Lest we forget, we are a nation of immigrants

This and That By Avis Anderson

It is time to dust off a couple of books which made their mark in the mid-20th century but have over time been pushed to the back of the shelf:  President Kennedy’s  essay, “A Nation of Immigrants,” and a book by Harvard professor and Pulitzer Prize winning author, Oscar Handlin, “The Uprooted.”  At the time of Handlin’s death in 2011, the New York Times wrote this:

“But his [Handlin] best-known work, ‘The Uprooted: The Epic Story of the Great Migrations That Made the American People,’ which won the 1952 Pulitzer for history, was aimed at an audience of general readers in making his case that immigration — more than the frontier experience, or any other episode in its past — was the continuing, defining event of American history. Dispensing with footnotes and writing in a lyrical style, Dr. Handlin emphasized the common threads in the experiences of the 30 million immigrants who poured into American cities between 1820 and the turn of the century.
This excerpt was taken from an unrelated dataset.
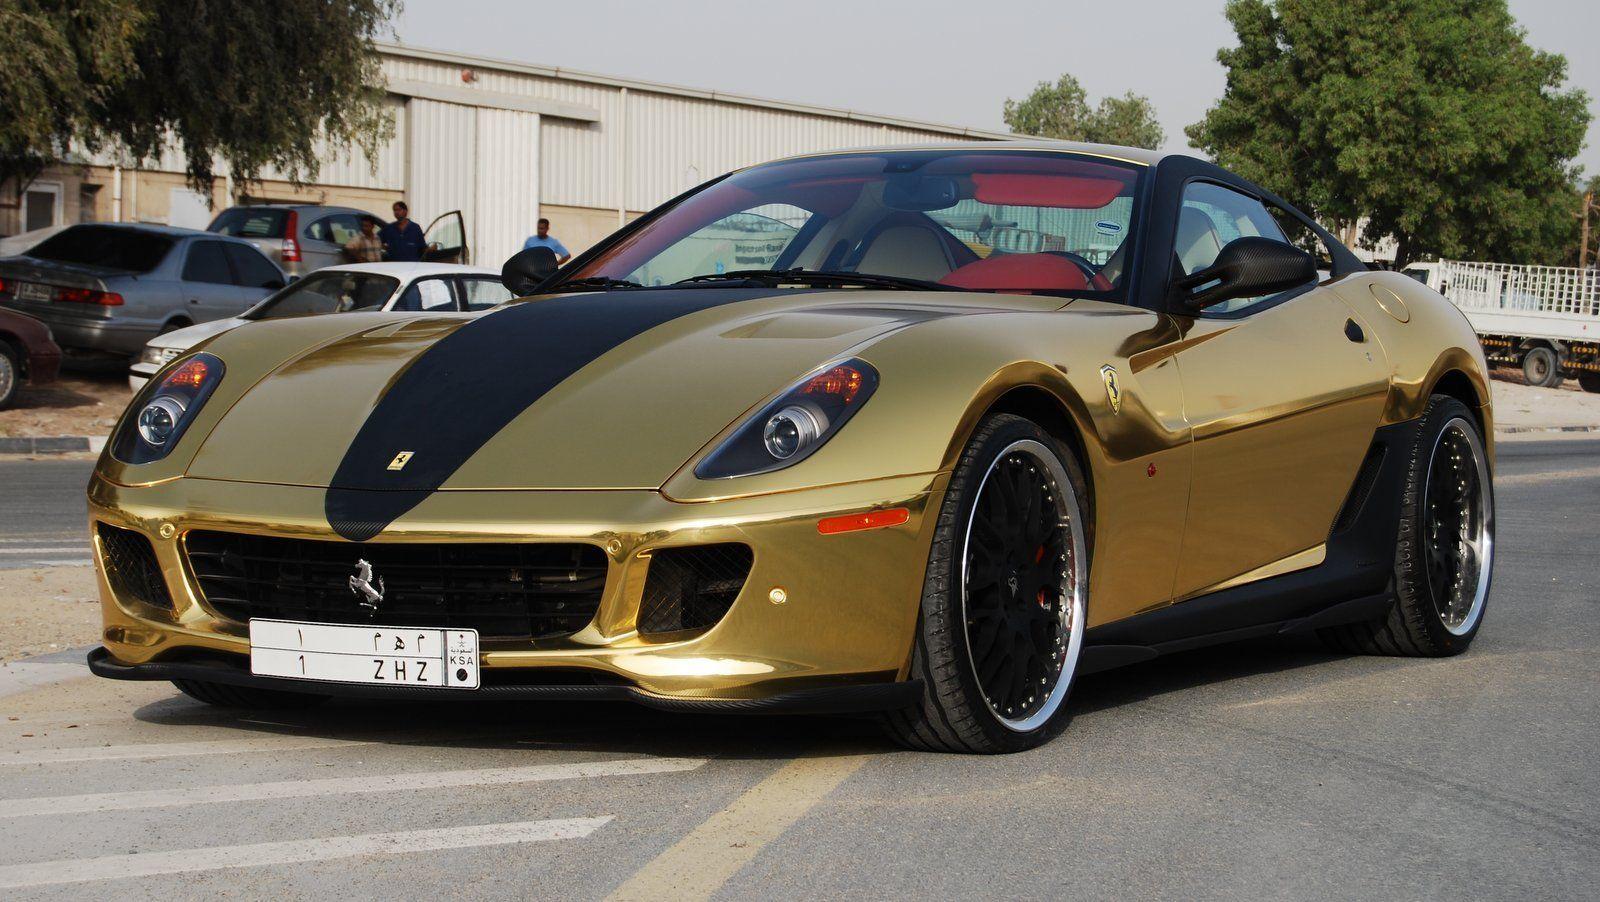 gold ferrari 599 gtb fiorano v12 612 hp 0 100 km h 62 mph in 3 7 seconds 0 200 km h 124 mph. Black Bedroom Furniture Sets. Home Design Ideas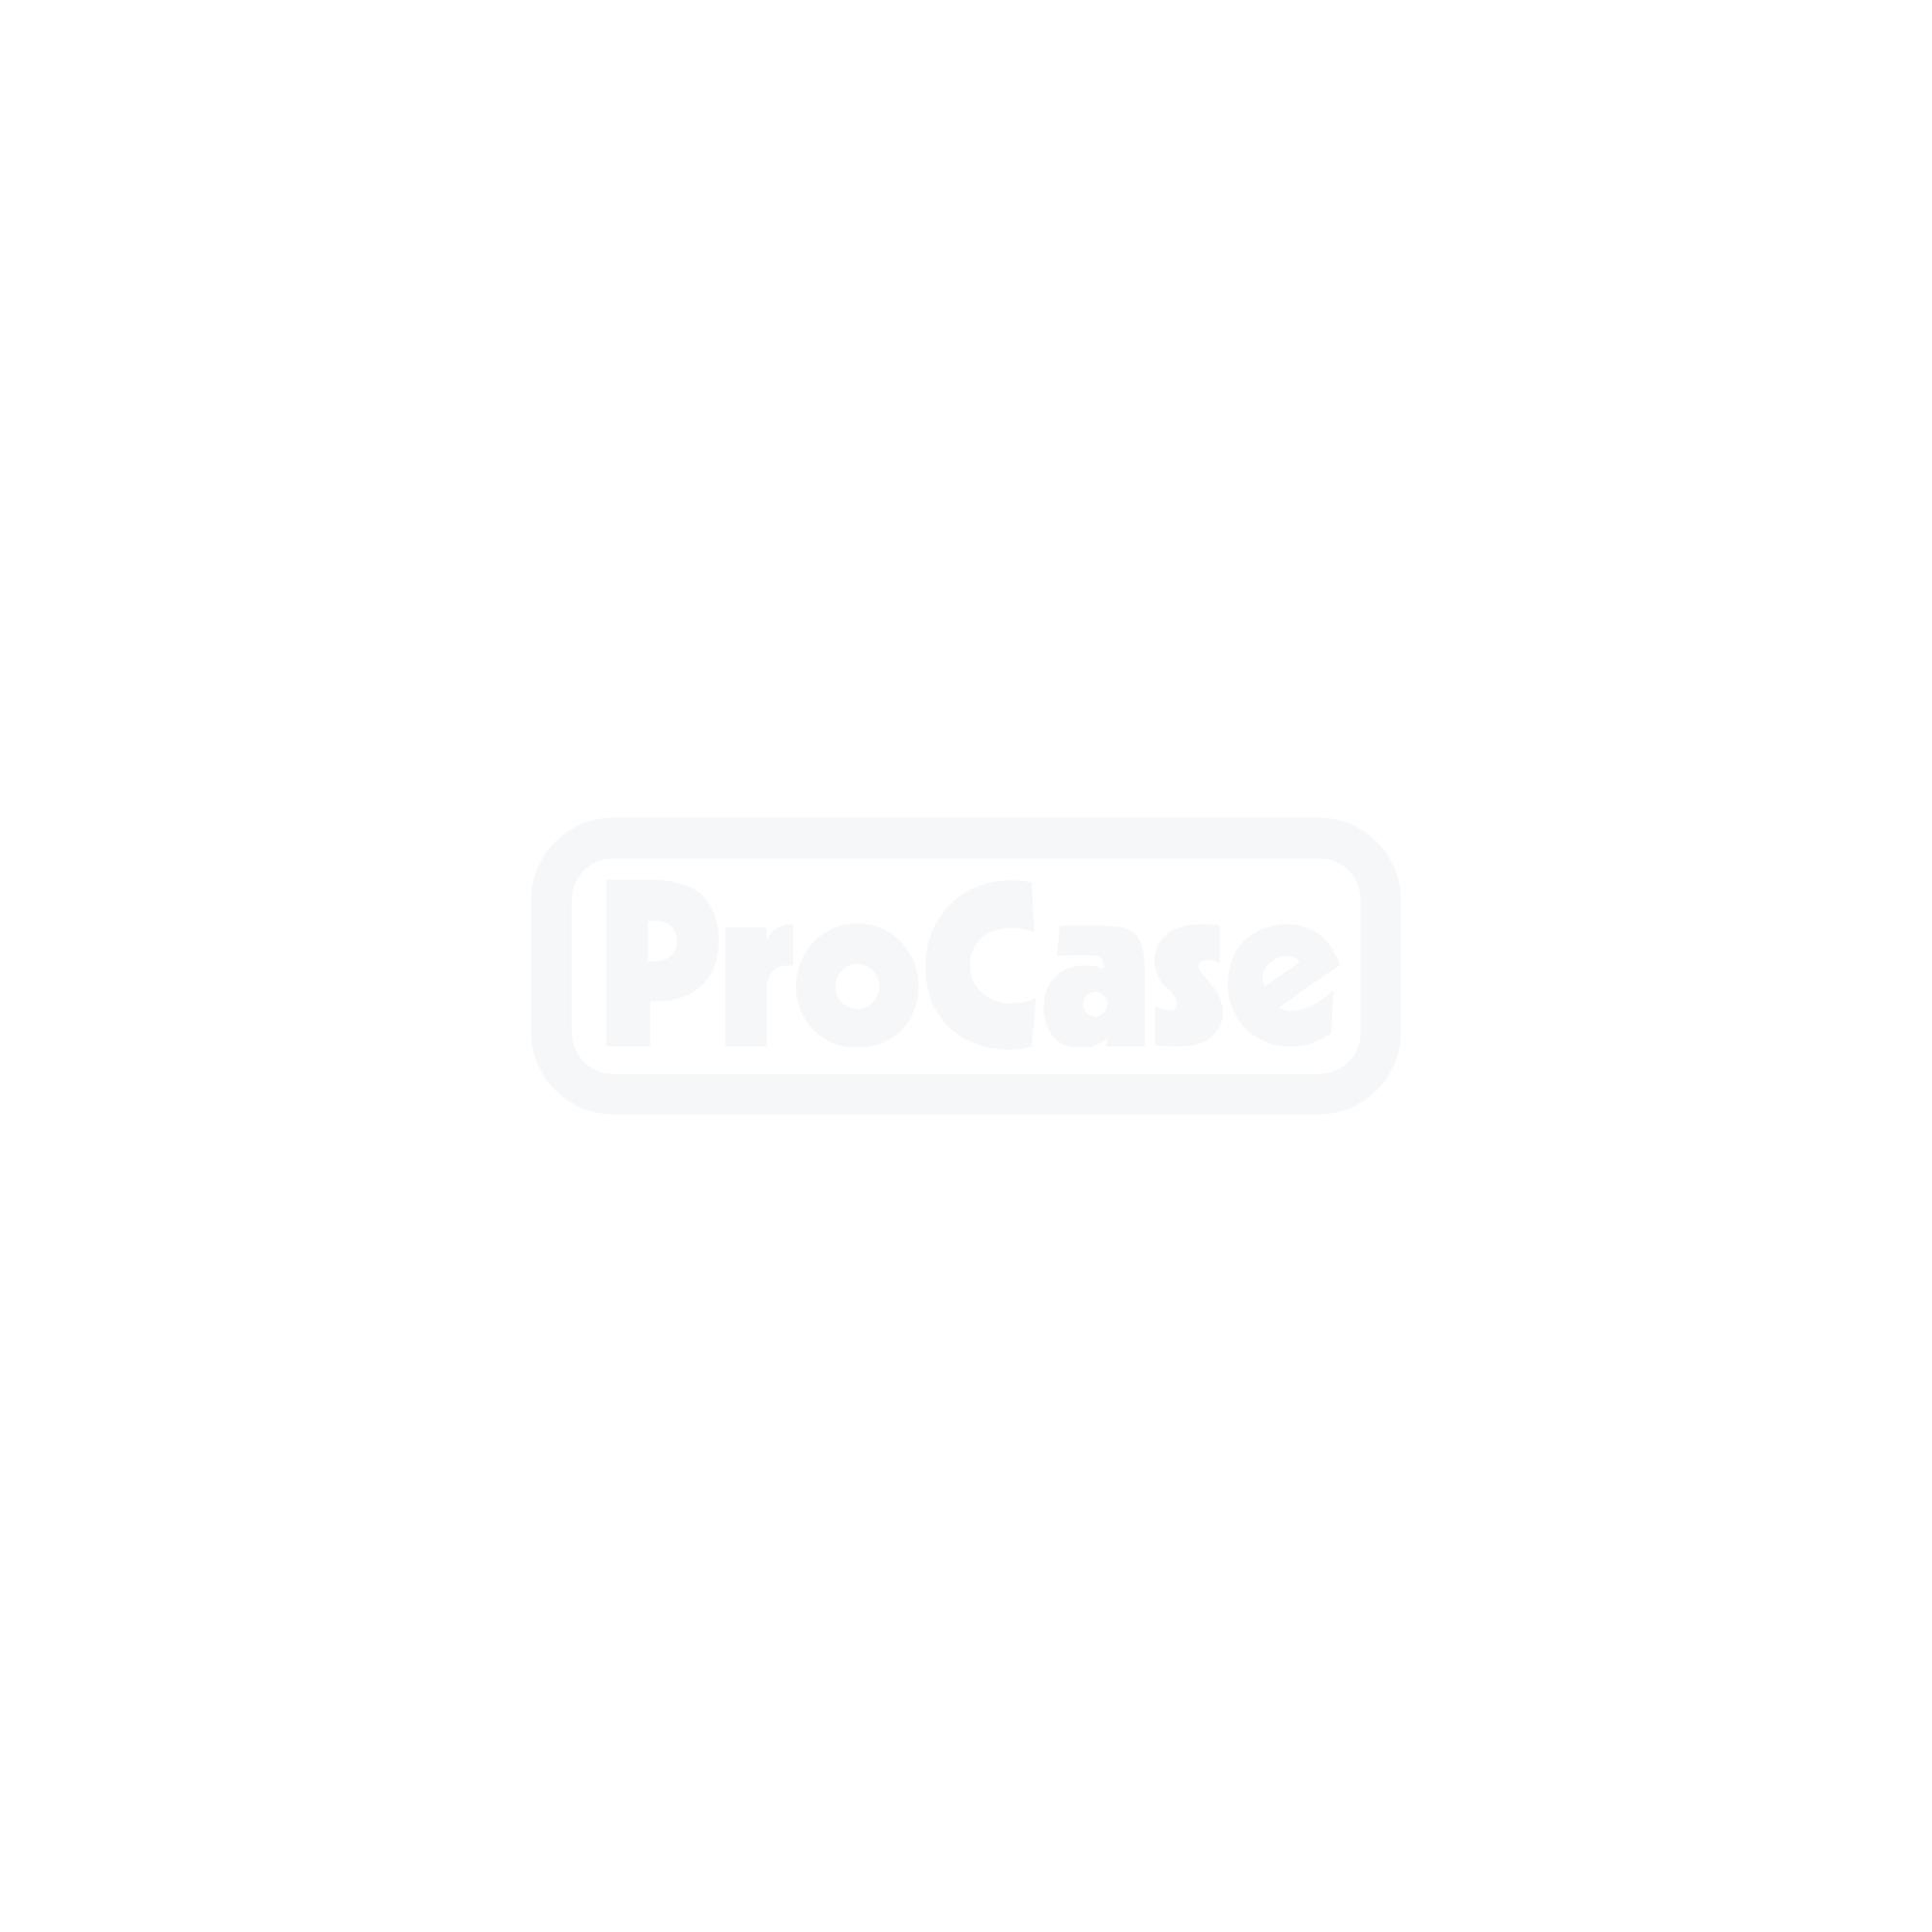 Flightcase für Dallmayr Riva Pronto S Kaffeevollautomat 2

Regardless of nationality, religion, race or ethnicity, he wrote, the common experience was wrenching hardship, alienation and a gradual Americanization that changed America as much as it changed the newcomers.”

It seems we are about to have a new lesson in immigration and the part it continues to play in our American story. 

Anti-immigration feeling has always been a part of our history, rearing its ugly head in the mid-1800s when thousands of Germans fleeing war in Europe came to America.  Their culture was new to the white, Anglo-Saxon, protestants who were the principal citizens of America at that time and the WASPs didn’t like them.  The potato famine and poverty brought the Irish to America by the thousands.  In New York, store owners posted signs in their windows NINA which simply meant “No Irish Need Apply.” 

On the West coast it was anti-Asian feeling, the overwhelming of America by the “yellow hoards,”  although thousands of Chinese laborers were needed in order for the transcontinental railroad to be accomplished.   We all know the tragic story of the Japanese-Americans who were forced into camps at the outbreak of World War II.  They played out a tragic chapter in American history.

All of us wear the mark of the immigrant on our foreheads.  Every American researching their family history will eventually have to ask the question, “Yes, but when did we come to this country and from where?”  Our uniquely American culture is a stew of religious faiths, music, cuisine, literature, fashion and on and on.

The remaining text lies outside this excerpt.